• [Material provided]
= = =

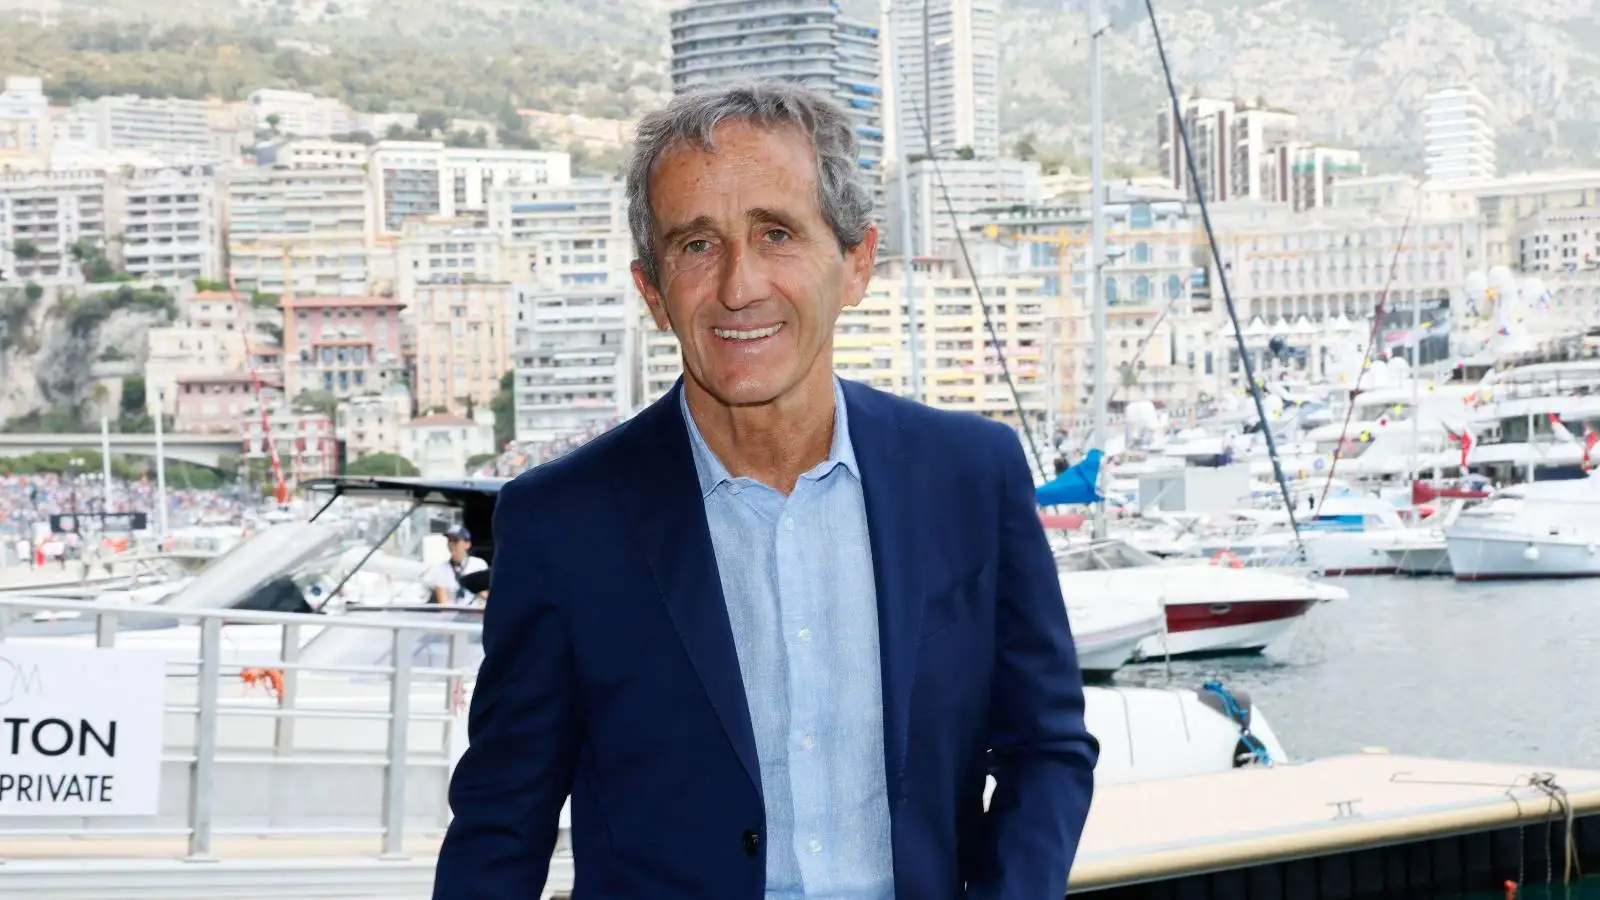 Four-time F1 champ Alain Prost smiling. Monaco, May 2022.
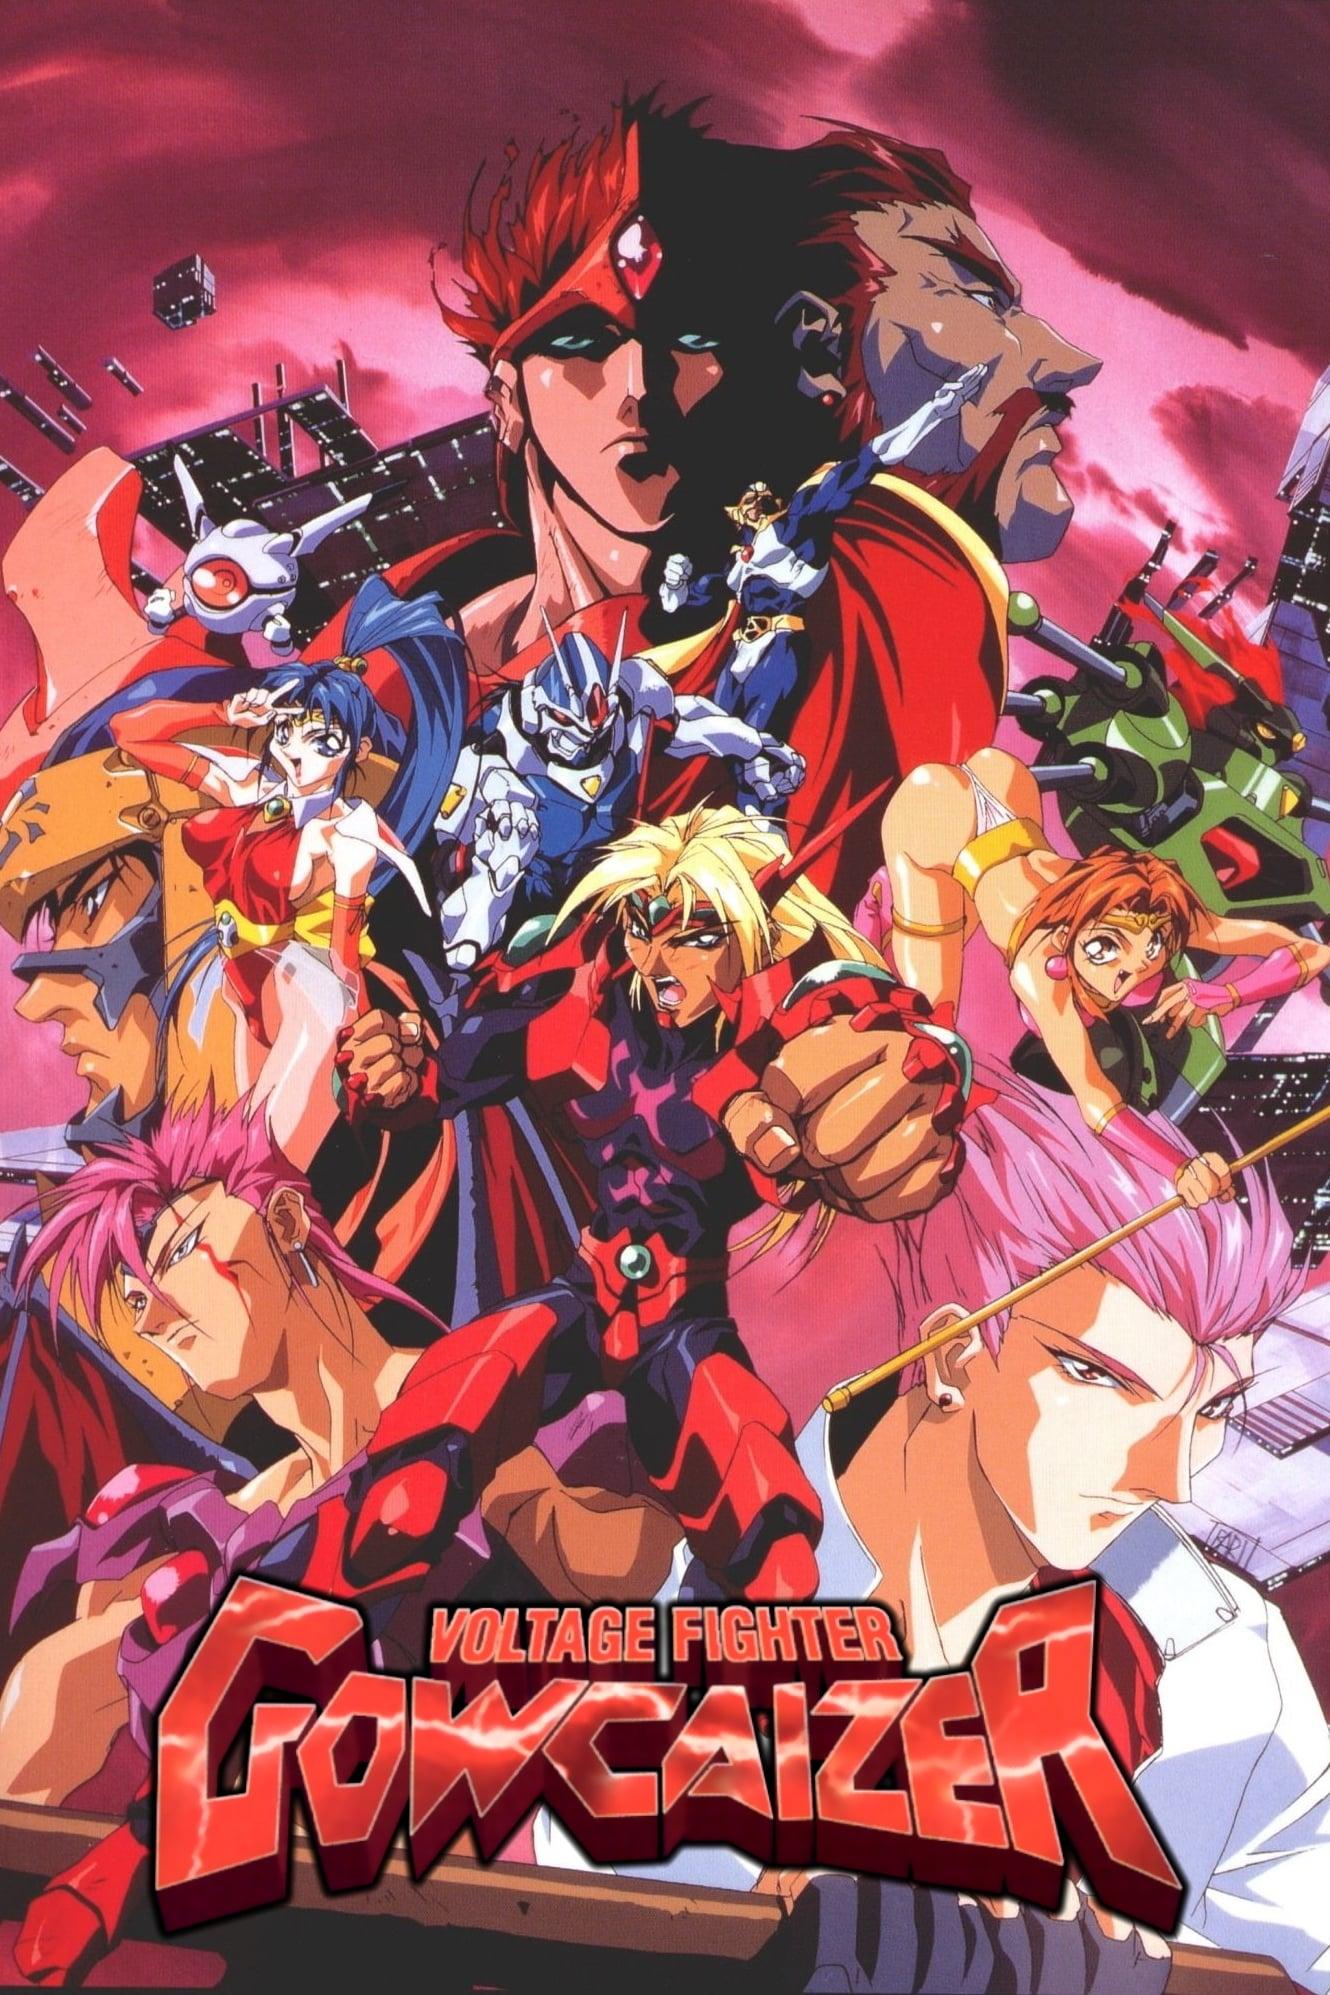 Voltage Fighter Gowcaizer poster
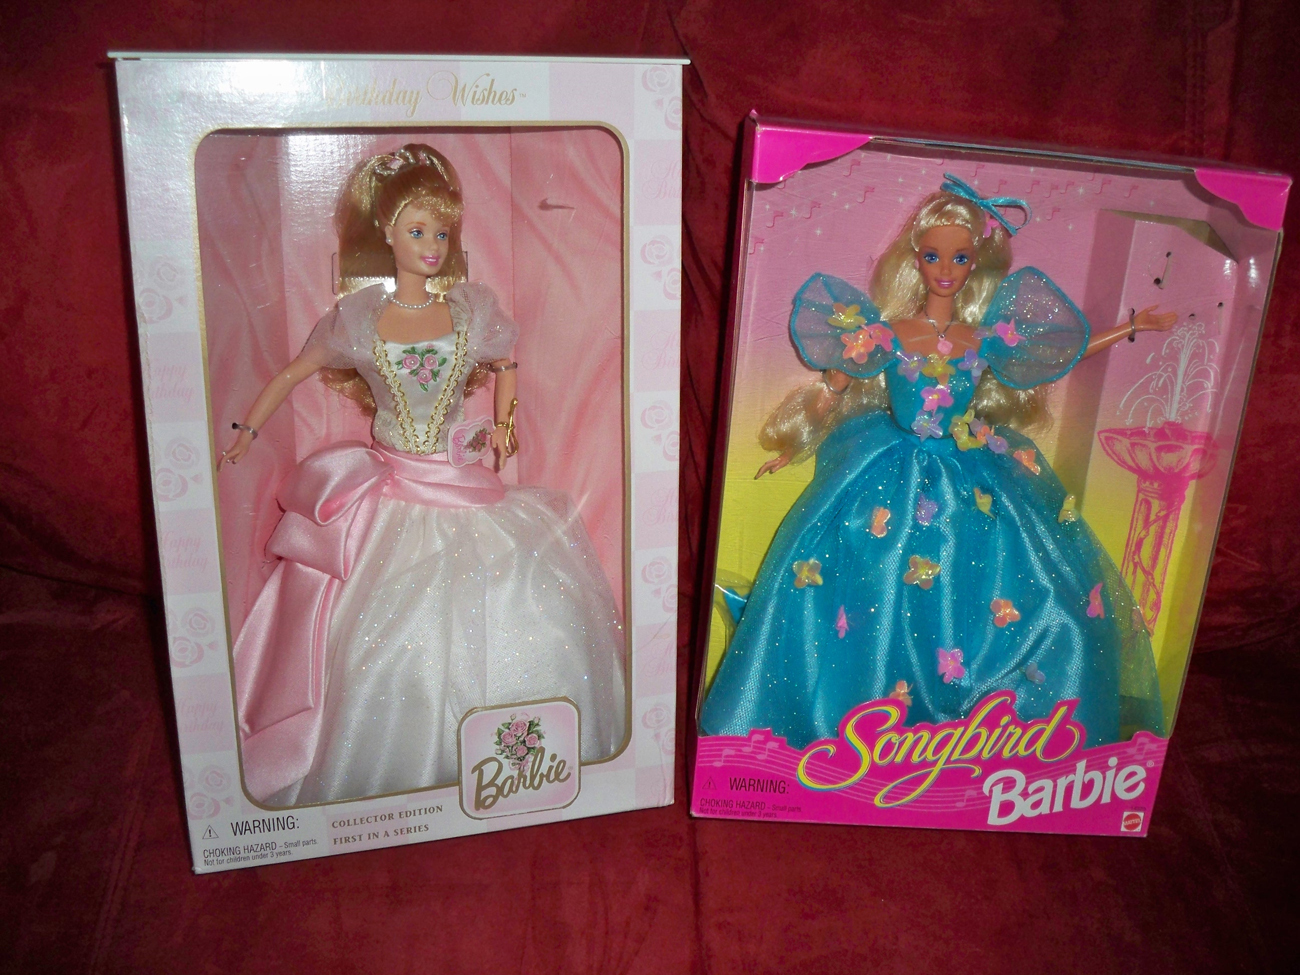 birthday wishes barbie collector edition first in a series

= = =

• [Required action] Apart from the pictures, every line of the material above is to be returned word for word.

• [Answer for this exercise]
 Four-time F1 champ Alain Prost smiling. Monaco, May 2022.
 Voltage Fighter Gowcaizer poster
 birthday wishes barbie collector edition first in a series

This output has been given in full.